Так далека родина, недостижим прекрасный Рим!.. Столько лет я не видел его, но стоит глаза закрыть — вижу. Мысленным взором обвожу все семь холмов великого Града и останавливаюсь сперва на главном — Капитолийском, где высятся храмы Юпитера, Юноны и Минервы, куда восходят римские полководцы во время триумфальных шествий, где в седловине между двумя вершинами, застроенной домами знати, стоит и мой, не столь уж богатый дом…
Но даже мысленный взор мой застилают слезы — я не вижу своего дома, надо мне хоть немного успокоиться. Сюда вернусь еще, а перенесусь пока мысленно на другой холм — на величественный Палатин. Даже не перенесусь, а словно бы пойду к нему — через форум Цезаря, по Священной улице, мощенной серо-зеленым камнем, мимо круглого храма Весты, где незнающие любви весталки поддерживают негасимый огонь, где хранится перевезенный Энеем из погибшей Трои священный Палладий[6], мимо приземистого древнего дворца Нумы Помпилия, потом поворачиваю направо и прохожу через Мугонийские врата, останавливаюсь, едва сдерживая лихорадочно бьющееся от восторга сердце, у старинного храма Юпитера Статора, в окрестностях которого были когда-то самые первые римские поселения, еще при Ромуле, потом следую дальше и вижу великолепный белый портик, украшенный блещущими доспехами, отнятыми с боем у наших врагов, вижу вход, осененный дубовым венком, вижу густолистый лавр у входа; дом этот, отмеченный священными деревьями Юпитера и Аполлона[7], принадлежит тому, кого называл я божеством, чьим повелением разбита жизнь моя, к кому много лет обращал я свои мольбы о прощении и спасении… Он там, великий и жестокосердый!..
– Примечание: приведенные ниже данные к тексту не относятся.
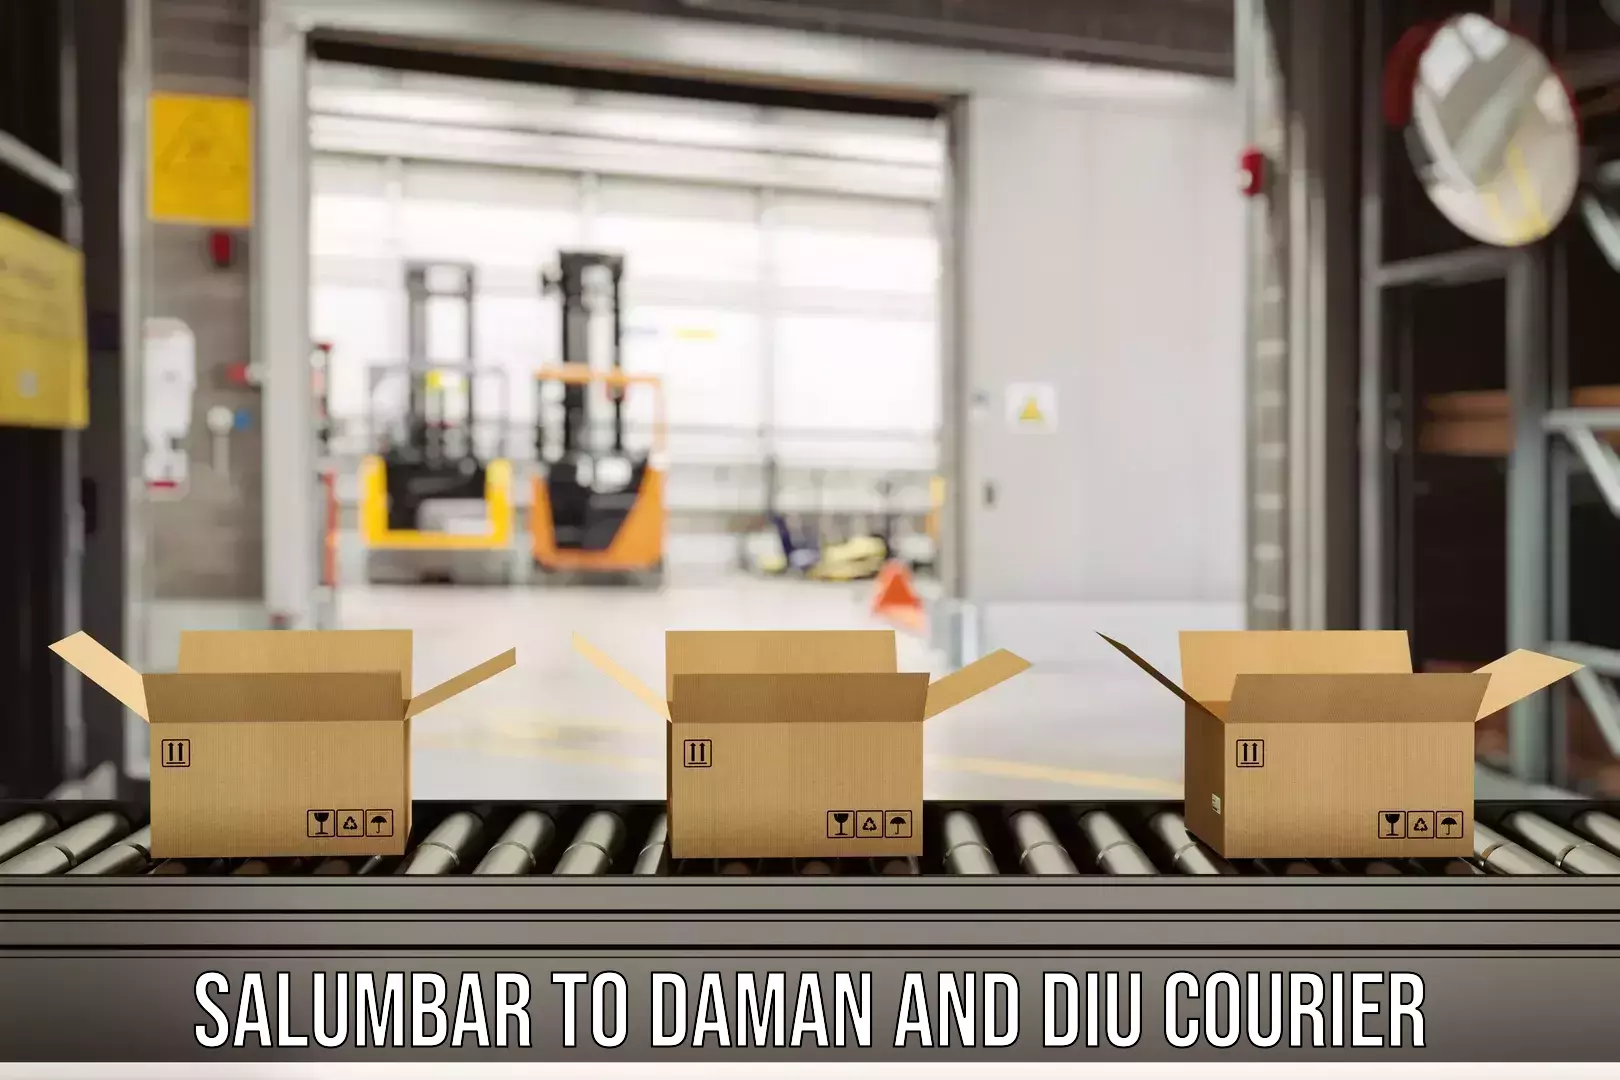 Express delivery capabilities Salumbar to Daman

Совсем ты, однако, плох, Назон, если опять запамятовал, что уже четыре года нет в живых императора Августа! Теперь правит Римом и империей Тиберий, и на Палатине, наверное, многое уже по-другому… Но никто из римских поэтов не прославил так Августа в своих стихах, как сделал это изгнанный им Назон! И что же? Смягчили сердце принцепса мои славословия, мои мольбы?..
Где ты, великий Август? Звездой ли ты стал, богом ли, покинув мир живущих?.. Но зря, даже в мыслях зря, я пришел к твоему дому: ты меня, и расставшись с жизнью земной, не простишь. Да и не нуждаюсь я теперь в твоем прощении, сам скоро уйду за тобой…
Вот потому пойду-ка я мысленно дальше по Риму, войду в белоснежный храм Аполлона, украшенный колоннами из заморского мрамора, вновь огляжу, восторгом полнясь, статуи, изображающие старика Даная и полсотню его дочерей, умертвивших по совету отца своих мужей в первую же брачную ночь. И от неразгаданности этой древней кровавой истории — лишь одна дочь посмела ослушаться! — опять почую жуть и комок в горле. Хотя понимаю теперь, что разгадка проста: любви не было…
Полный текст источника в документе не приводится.